WHAT THE TASK ASKS
Begin at the line holding "Germany, isle, Borkum, southern" and set down exactly each line through the last one below, omitting pictures. Include nothing else.

SUPPLIED MATERIAL
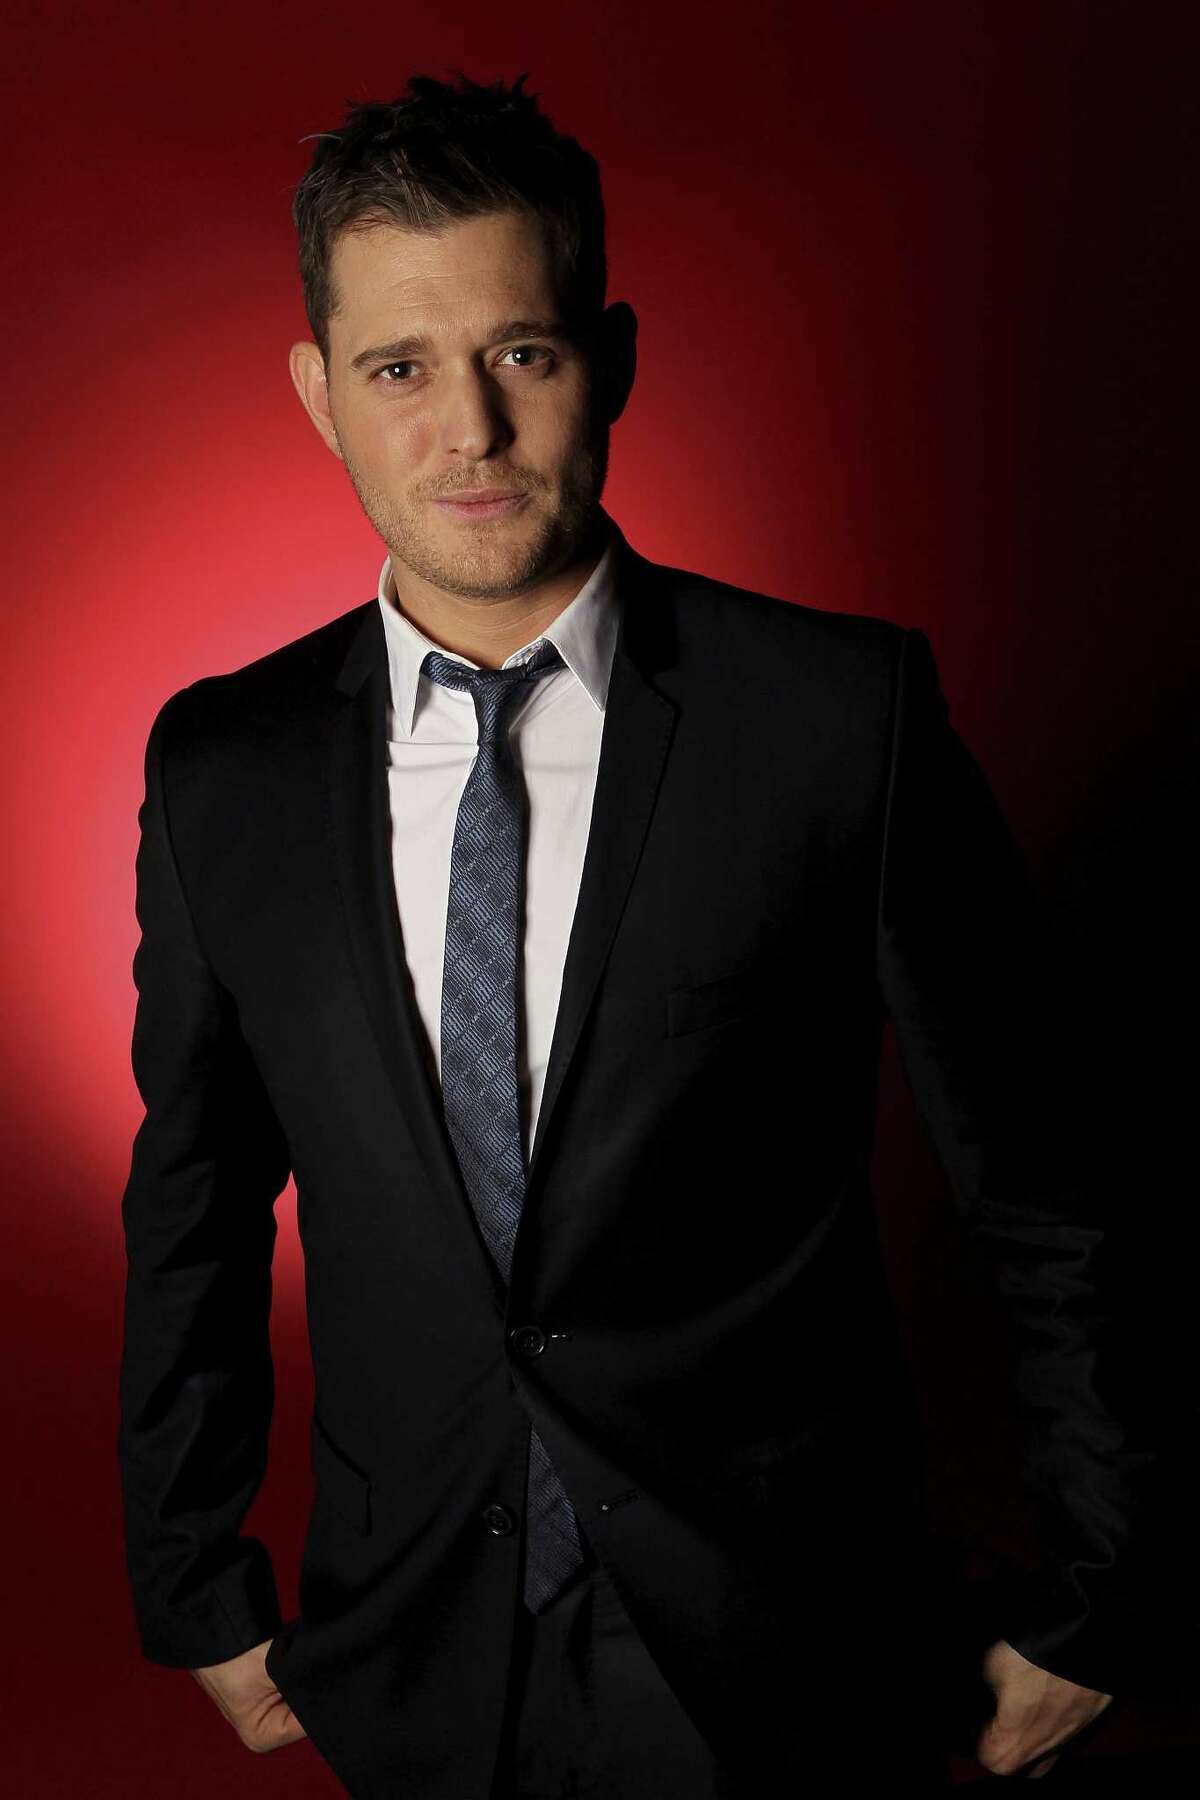 Oct. 19: Michael Bublé to perform at the AT&T Center. Visit www.ticketmaster.com.
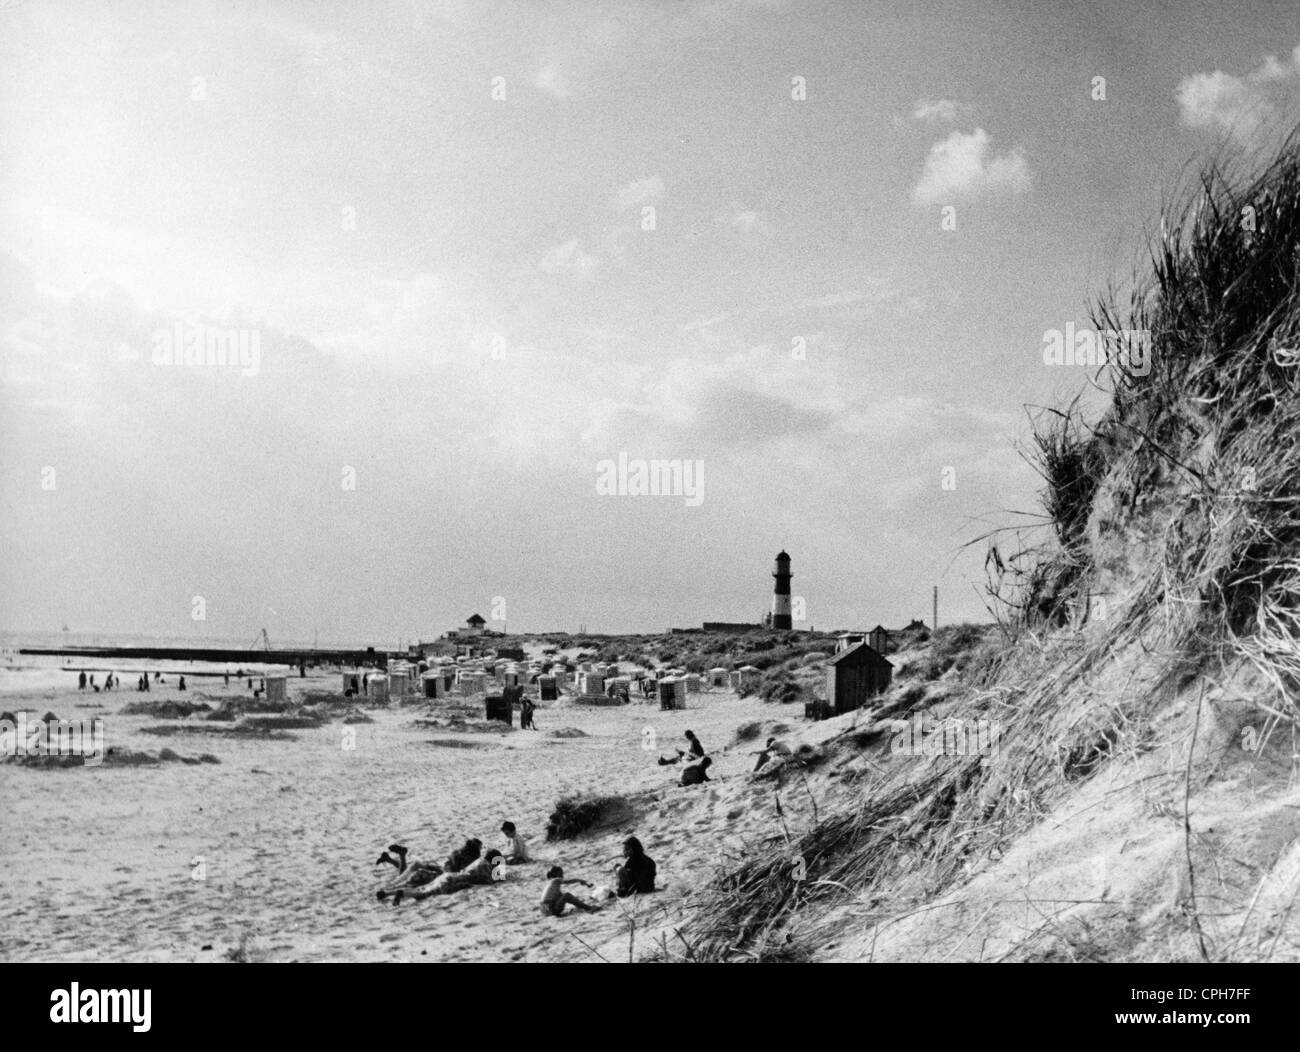 Germany, isle, Borkum, southern beach, 1950s, Additional-Rights-Clearences-Not Available Stock Photo
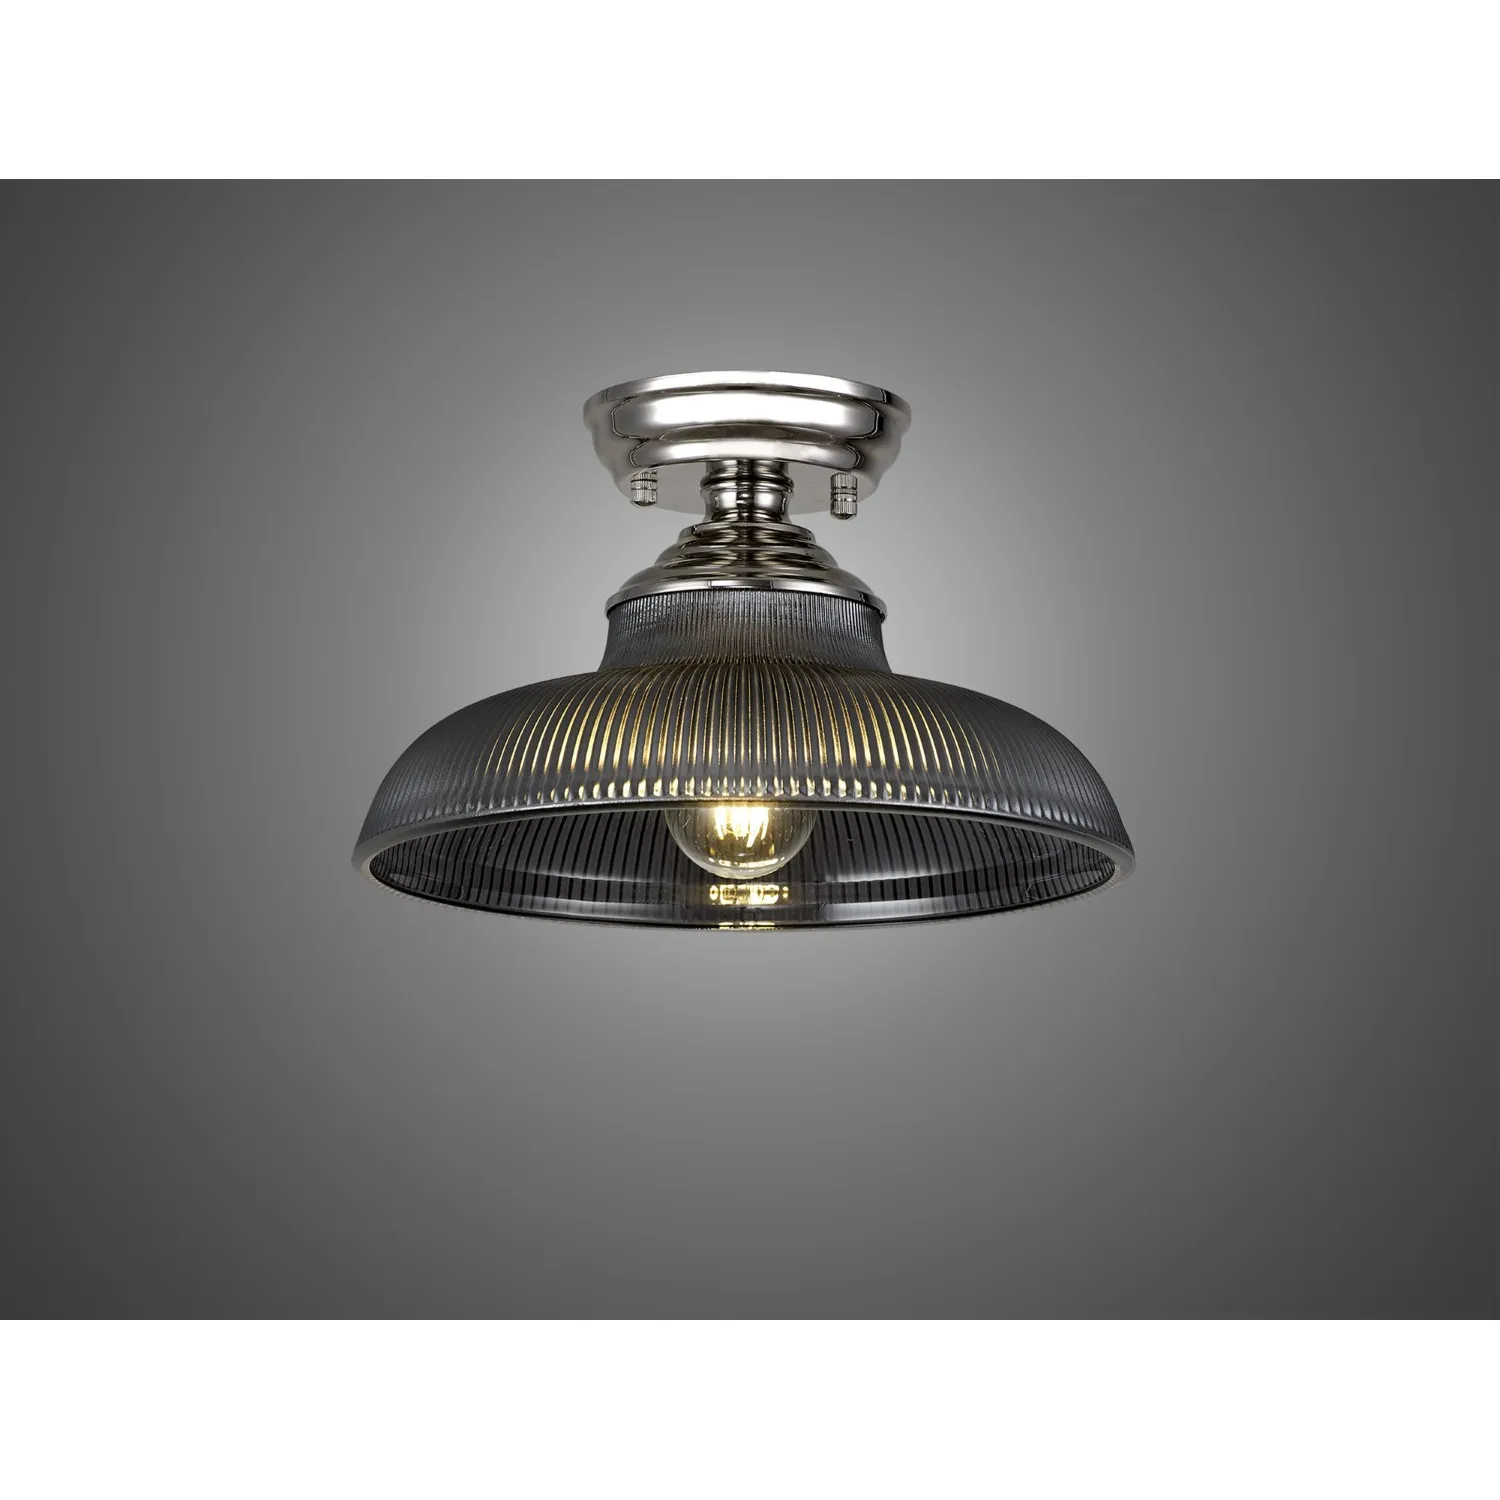 Billericay 1 Light Flush Ceiling E27 With Round 30cm Glass Shade Polished Nickel Smoked

WRITTEN SOLUTION
 Germany, isle, Borkum, southern beach, 1950s, Additional-Rights-Clearences-Not Available Stock Photo
 Billericay 1 Light Flush Ceiling E27 With Round 30cm Glass Shade Polished Nickel Smoked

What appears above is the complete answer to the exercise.